Data below:

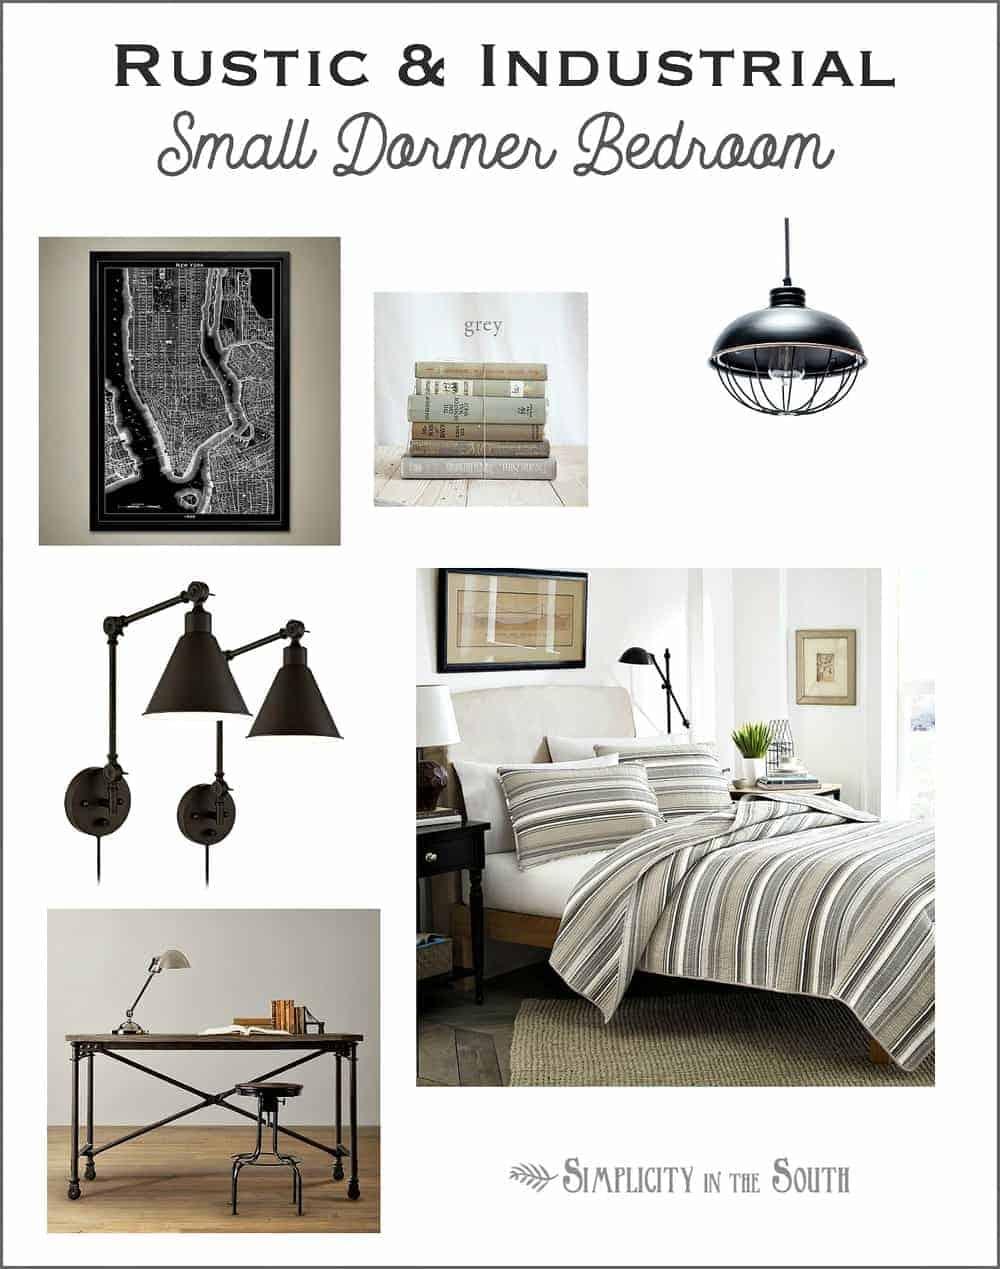 Design Plans for the Small Dormer Bedroom
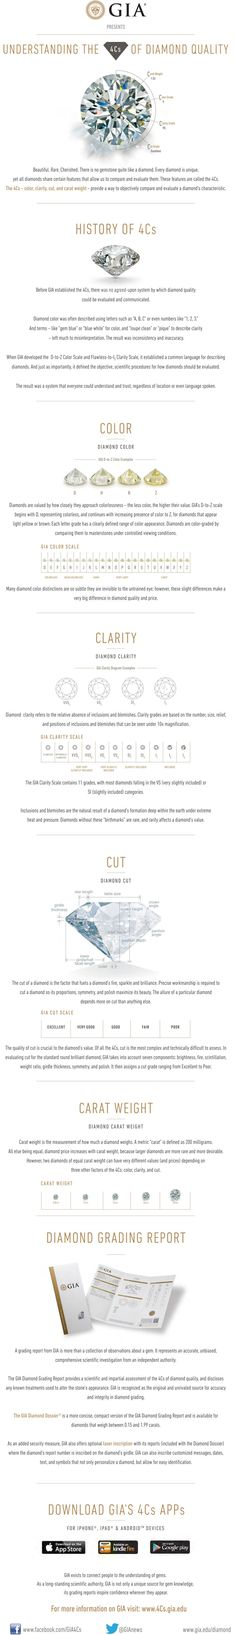 Know your Diamonds - 4Cs Diamond Quality Infographic
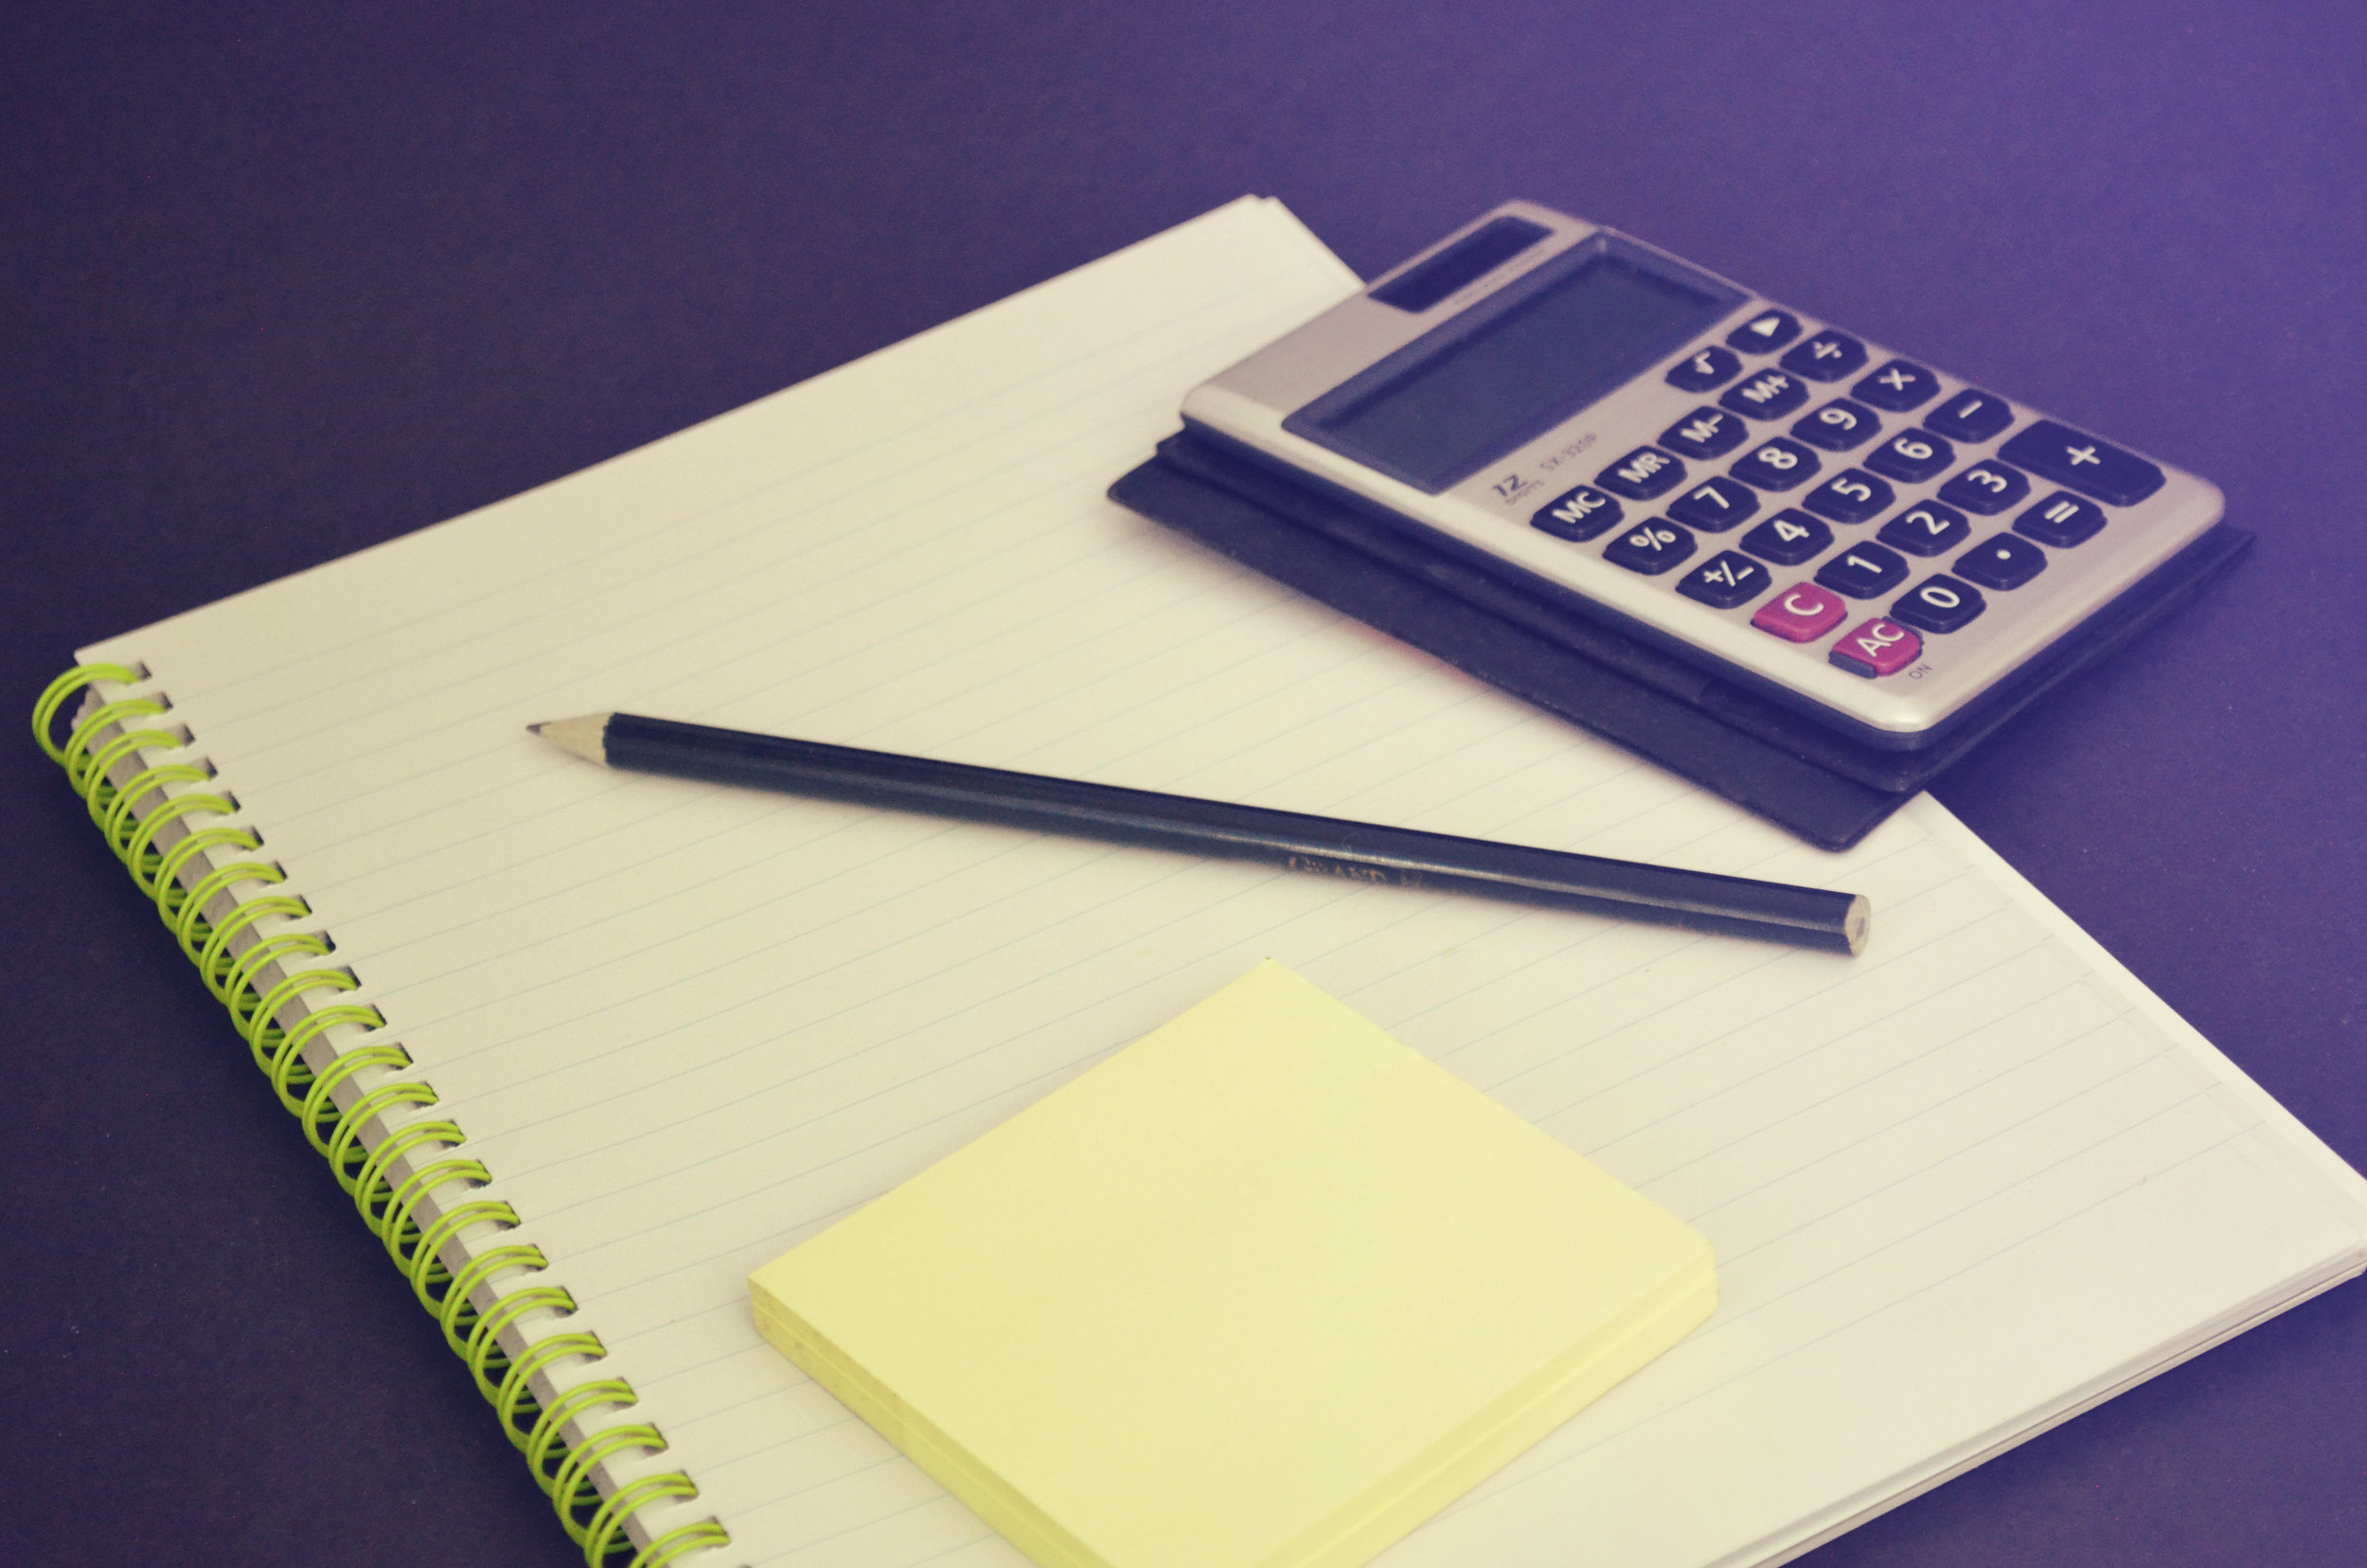 notepad_pencil3_hires.JPG

End of Data.

An exact copy of the lines from the line containing "Know your Diamonds" through the final line of the listing, without pictures, is the expected result.

 Know your Diamonds - 4Cs Diamond Quality Infographic
 notepad_pencil3_hires.JPG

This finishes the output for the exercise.